SSL/TLS work by initiating a series of handshakes with an email server when it receives an email. A handshake is an agreement between an email client — such as Gmail or Outlook — and a server to agree on the details of their connection. Handshakes require several detailed steps, from determining what version of SSL/TLS will be used and how the communication will be encrypted to establishing that a secure connection is in place before transferring the data.


After the handshake is completed, the email server returns a TLS digital certificate and public encryption key to the email client. The email client then verifies the certificate and creates a shared secret key (SSK), which is returned to the server. The server decrypts the SSK, which allows the transmission of emails.


STARTTLS: Before email encryption was standard, many connections between email clients and servers were insecure. The development of STARTTLS helped reduce the risk of stolen information by upgrading an existing insecure connection to a secure one using SSL/TLS. While STARTTLS has TLS in its name, it’s not necessary to use TLS; users can choose SSL instead.


The difference between SSL/TLS and STARTTLS is the latter is not a protocol but a command issued between an email program and a server. STARTTLS notifies a mail server that the contents of an email need to be encrypted. If the mail is intercepted, its contents and metadata are scrambled and difficult to decode. Once the transmission is received, the data will be decrypted. 

and To support only one port, STARTTLS emerged as a way for a client to connect over plain text, and then upgrade to a secure connection that used SSL/TLS. Ultimately, this posed many client and security problems. To remedy this, most services continued to use plain-text connections on one port number and offer secure, implicit SSL/TLS connections on a second one. Today, most users use implicit SSL/TLS with port 465 and upgrade their connection with STARTTLS using port 587.


Custom From Header


To use the From e-mail set on the Master Tenant/Slave Tenant level, this option needs to be checked. Otherwise, the 'From e-mail' that would be used is '[email protected]'.
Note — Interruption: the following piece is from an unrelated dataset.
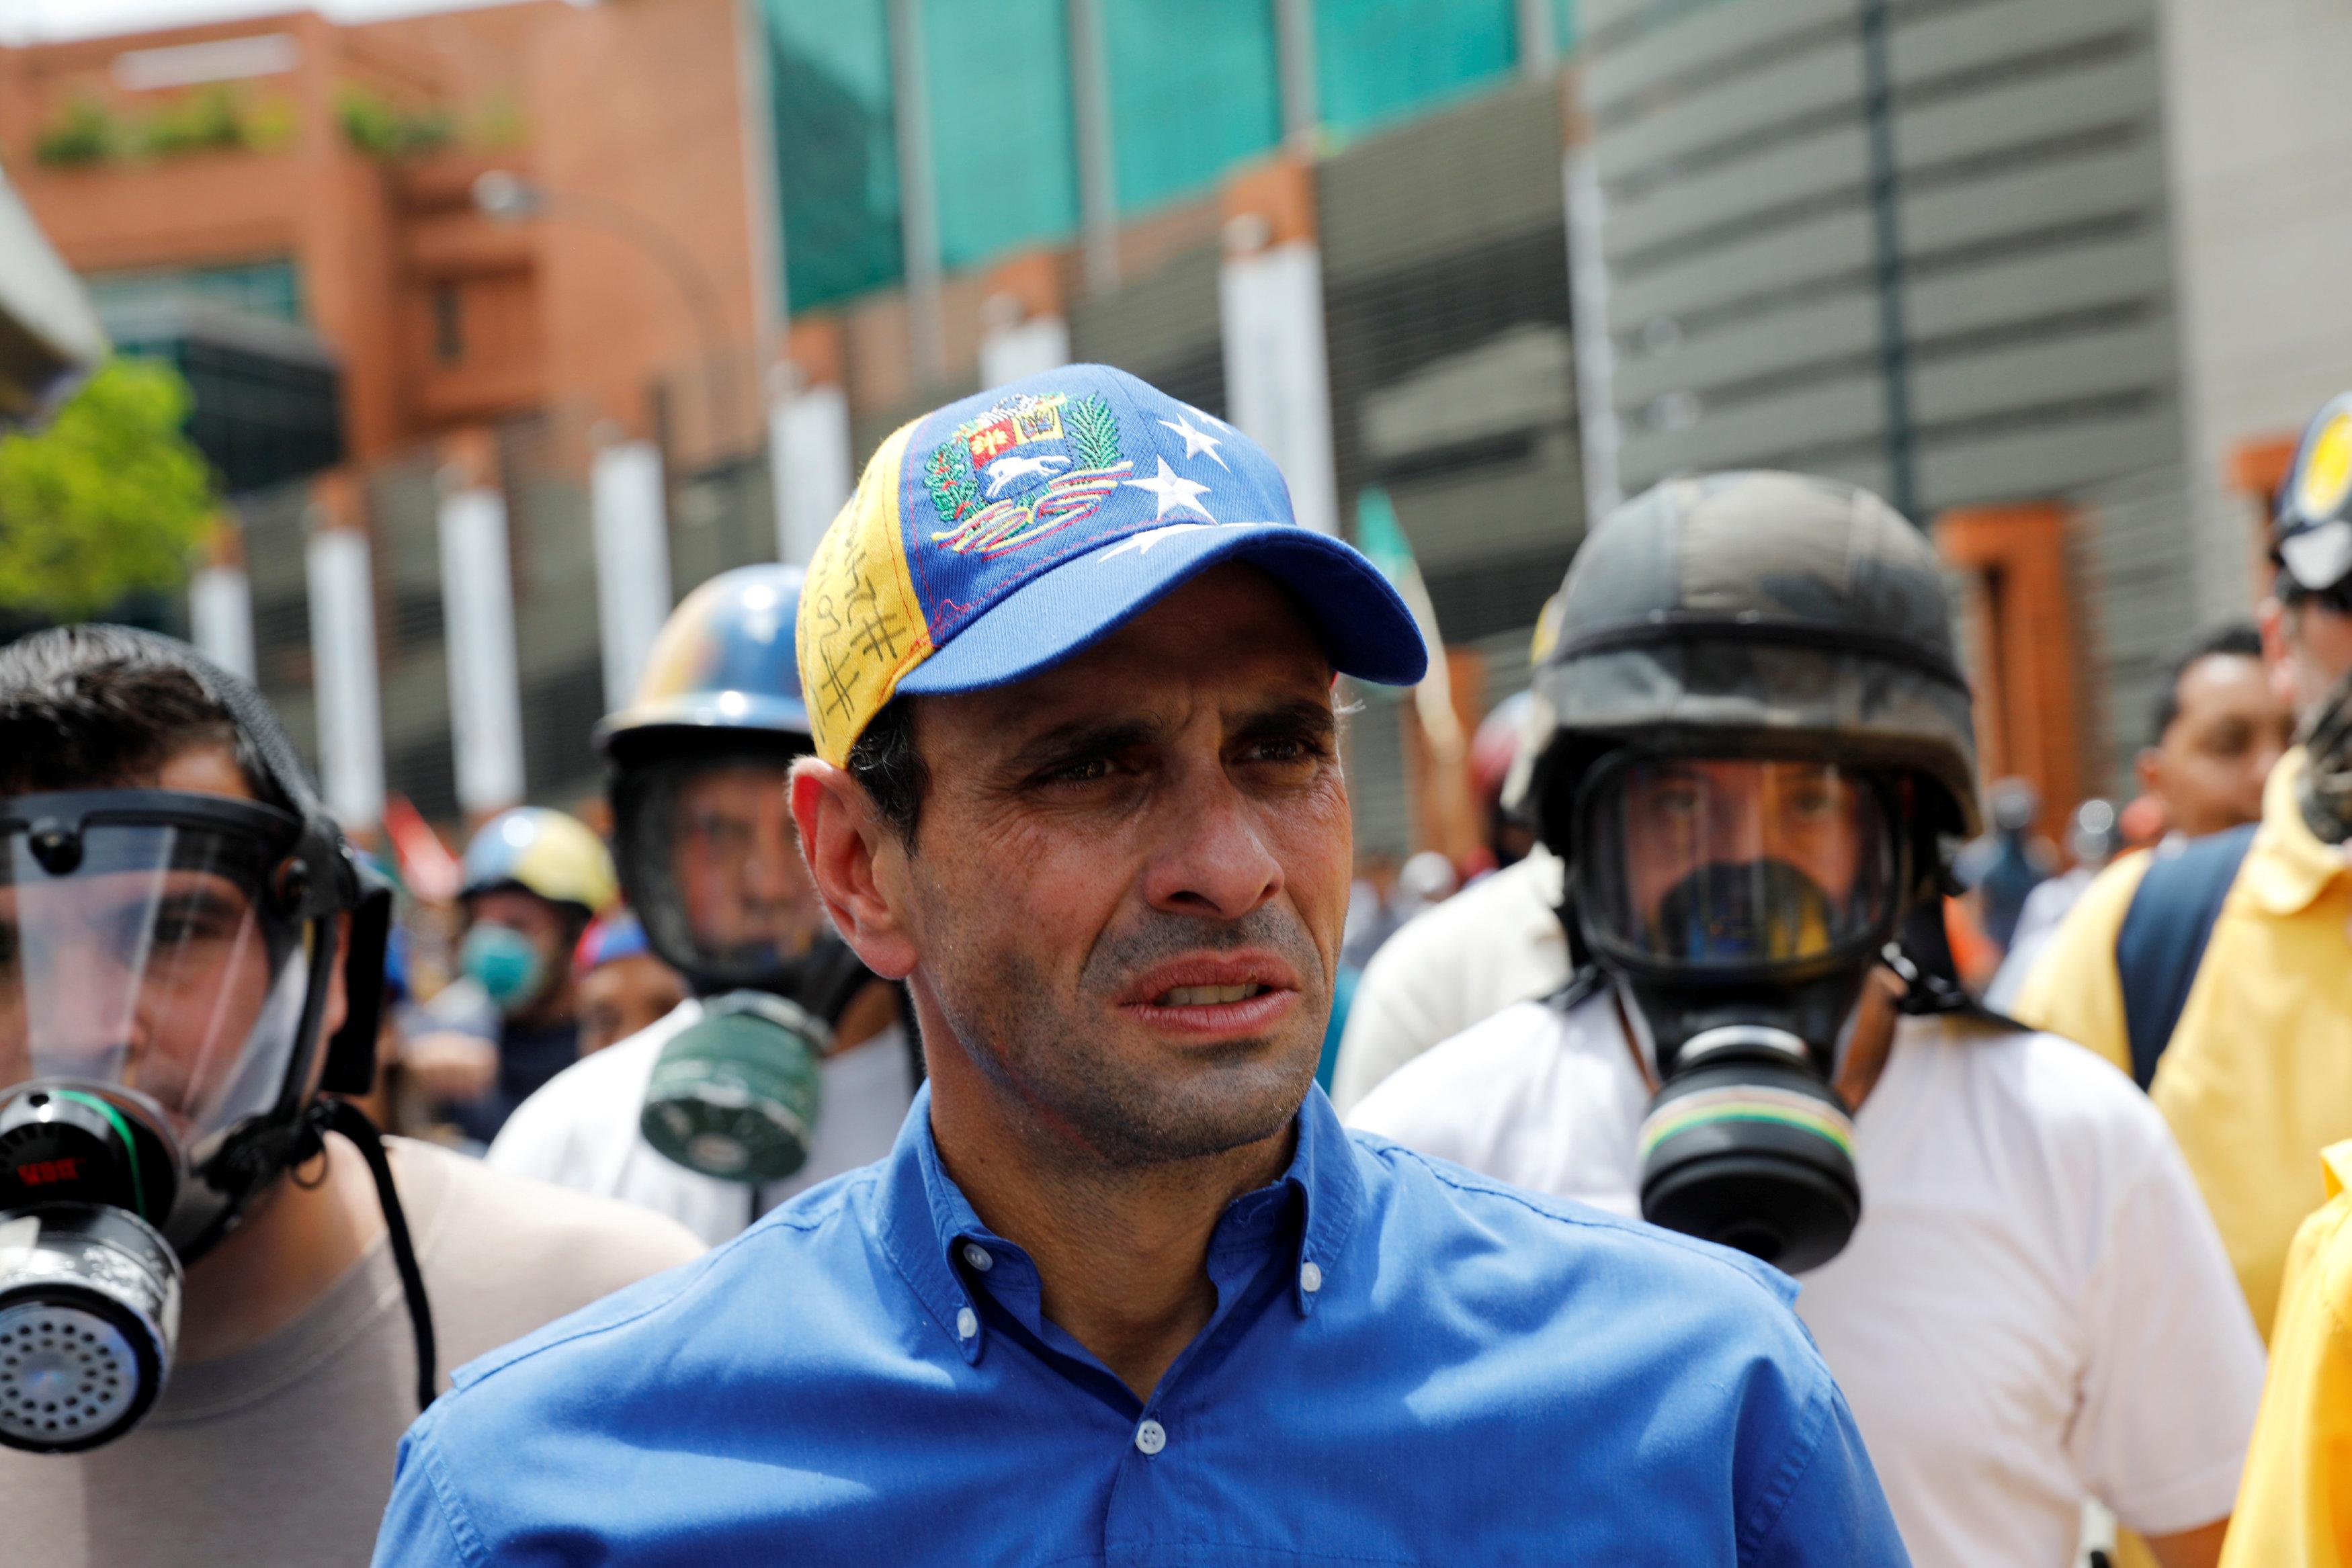 Capriles marcha contra Maduro en Caracas el 24 de Mayo del 2017 REUTERS/Carlos Garcia Rawlins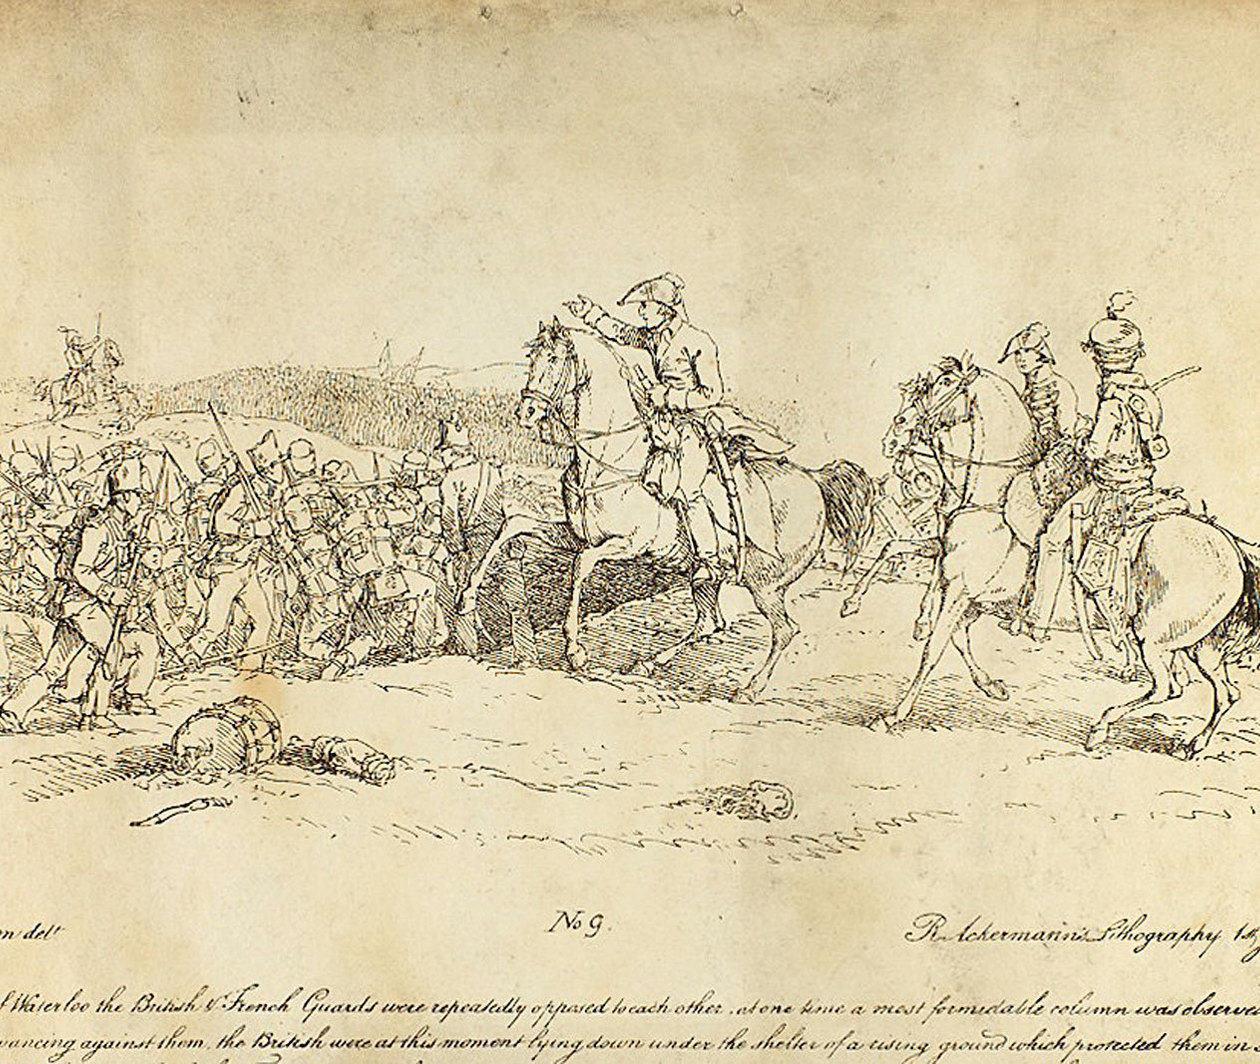 Wellington and the Battle of Waterloo

Besides the above mentioned configuration we have added Oauth support for Google and Microsoft in our newest versions of PBXware,,



Now the user can select basic, google, or Microsoft type of authentication,





In PBXware version 7, the Oauth option has been added for Google and Microsoft 365 mail servers and the SMTP configuration page has been updated accordingly.


Although users can still use basic SMTP configuration to manually set up Gmail or Microsoft SMTP connection, the Oauth option has been added for Google and Microsoft mail servers.



NOTE: If STARTTLS is selected, Server Port should be set to 587. Alternatively, use port number 465.


If one of the Oauth authorization options is selected, the matching server address will auto-populate (smtp.gmail.com,smtp.office365.com). 


To proceed with configuration, you will have to enter a valid E-mail account.


 

Google - OAuth Authentication


The next step is to get the authorization code, to obtain it, you must click on the Get Code button.



Once the authorization code is acquired, paste it into the Auth code field and click the Get Token button.



If all fields are correctly populated, a notification that the token is generated will be displayed.



Click OK and then click Save to preserve the configuration.


 


Microsoft - OAuth Authentication for Office365


The next step is to get the authorization code, to obtain it, you must click on the Get Code button.



Once the authorization code is acquired, paste it into the Auth code field and click the Get Token button.



If all fields are correctly populated, a notification that the token is generated will be displayed.



Click OK and then click Save to preserve the configuration.


 


With everything in place, your PBXware should be ready to use the configured SMTP server and send e-mail notifications.


NOTE: Please note, for Google and Microsoft account setup, the e-mail address used must be the same as the one you used to log into your Google/Microsoft account.